En définitive, malgré les difficultés auxquelles se heurte l'Europe au plan international, "l'abandon progressif des semi-génériques vinicoles, en échange de concessions sur d'autres sujets, n'est plus une solution marquée du sceau de l'impossible"25, comme l'a montré l'accord bilatéral conclu avec les États-Unis en 2006. Le contexte évoluant, un nombre croissant de voix s'élève, aux États-Unis mêmes, pour exposer la nécessité d'une disparition progressive des génériques et semi-génériques. Cette évolution s'explique par la prise de conscience, sur le territoire américain, des dangers de la non-protection des indications géographiques : de plus en plus, les producteurs américains se trouvent placés dans la situation qui est celle de leurs homologues européens depuis des décennies. "Il est plaisant de voir que les vignerons de Californie sont aujourd'hui dans une position similaire à celle des producteurs européens qui se plaignent de l'utilisation des termes “champagne” et “Chablis” par des exploitations américaines"26. Pour cette raison, une partie importante de la doctrine américaine se prononce en faveur d'une disparition totale des utilisations génériques et semi-génériques de dénominations européennes, y compris des utilisations anciennes et des marques antérieures, qui devraient, selon ces auteurs, être éliminées progressivement (phased-out), à l'issue de périodes de transition. Une telle élimination, qui excède les prescriptions du droit international, ne peut toutefois résulter que de compromis négociés par les États. À cet égard, on peut escompter que les effets des négociations menées par l'Union européenne avec la plupart des autres États du Nouveau Monde, et en particulier l'Australie, feront apparaître l'intérêt pour les États-Unis de développer des dénominations locales pour remplacer les semi-génériques européens.
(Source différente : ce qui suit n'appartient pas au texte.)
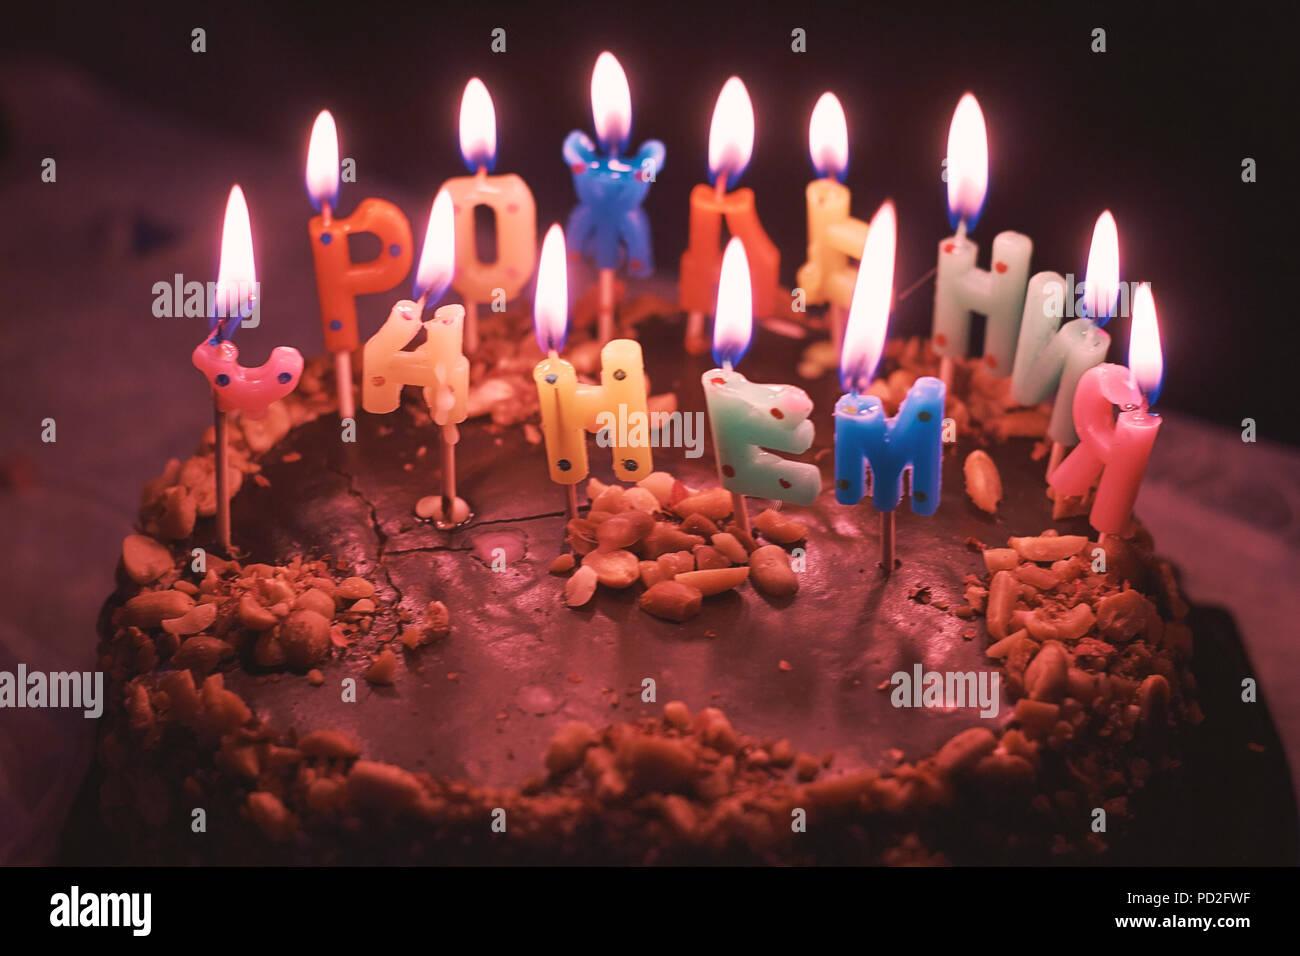 Delicious Childrens Chocolate Birthday Cake
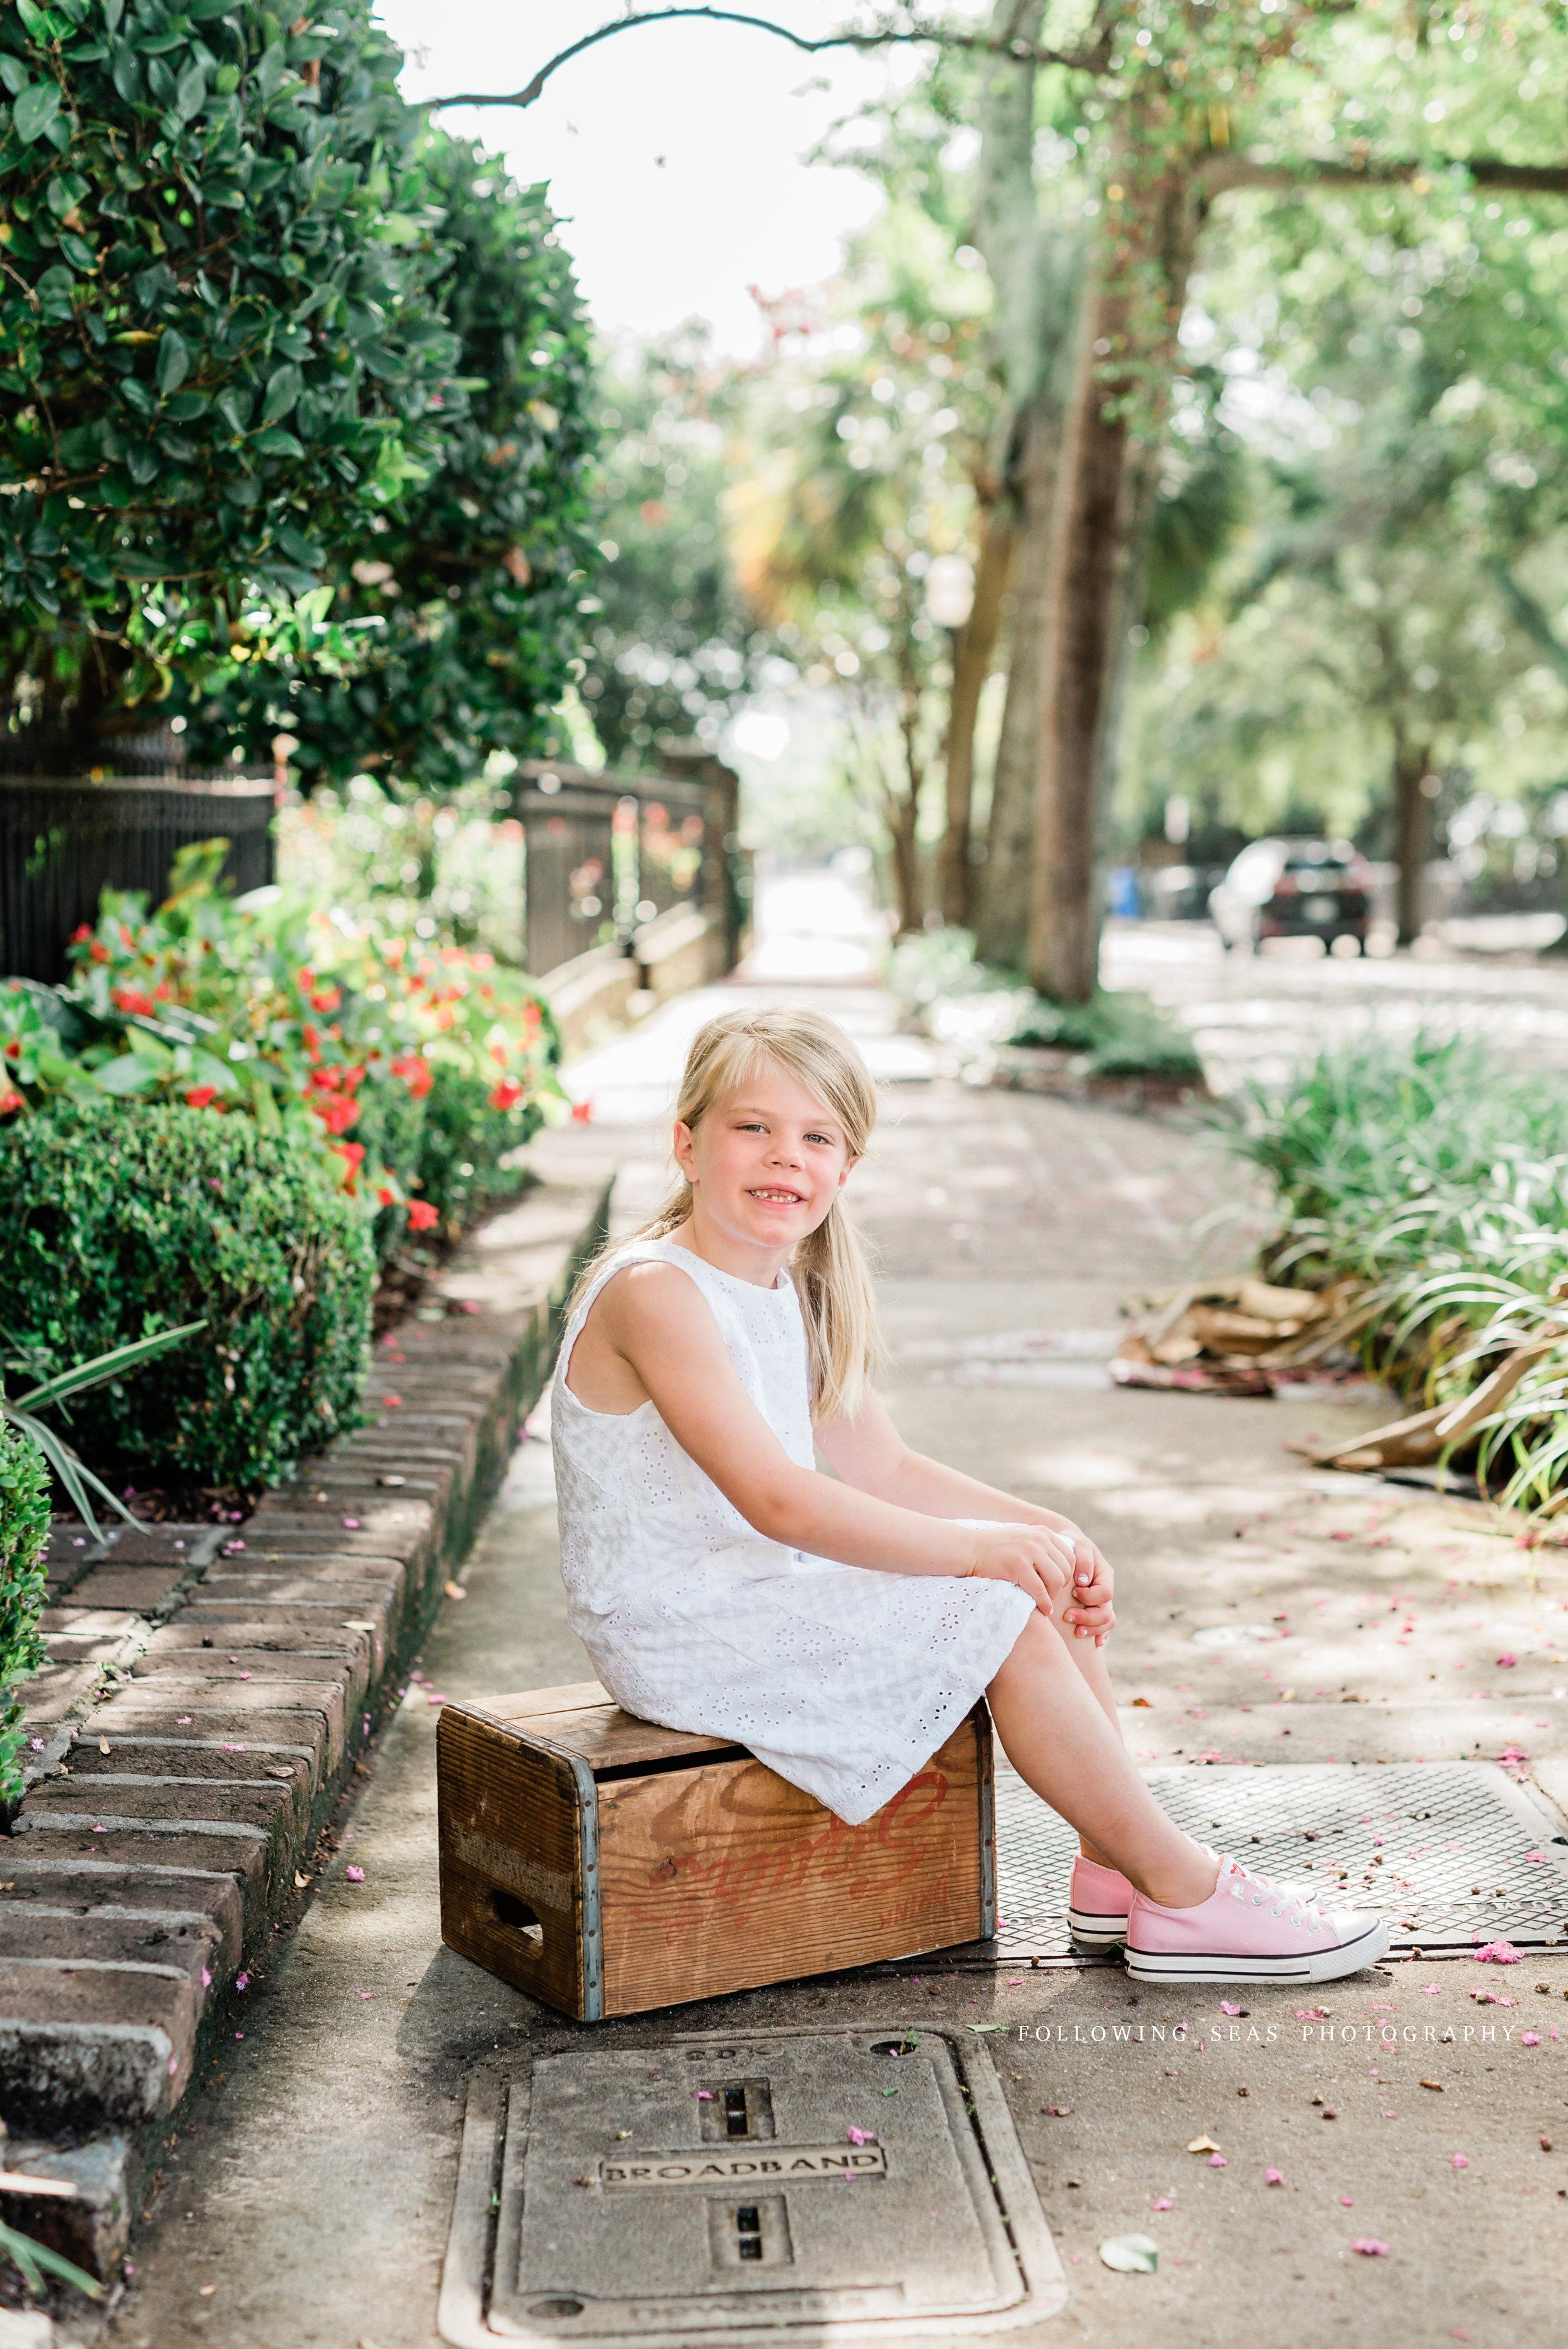 Charleston-Family-Photographer-Following-Seas-Photography-5332.jpg

Pour ces raisons, on peut partager l'optimisme de certains auteurs, qui voient dans les semi-génériques une simple "étape intermédiaire vers la formation d'une véritable identité locale pour les produits concernés, quand ceux-ci auront atteint une notoriété suffisante pour ne plus avoir besoin d'en emprunter une"27. La tendance générale au plan international, en dépit des difficultés rencontrées au cours des négociations, est indéniablement à l'élimination des dénominations génériques protégées dans leur pays d'origine. Cette éradication est déjà fortement avancée s'agissant des dénominations viticoles.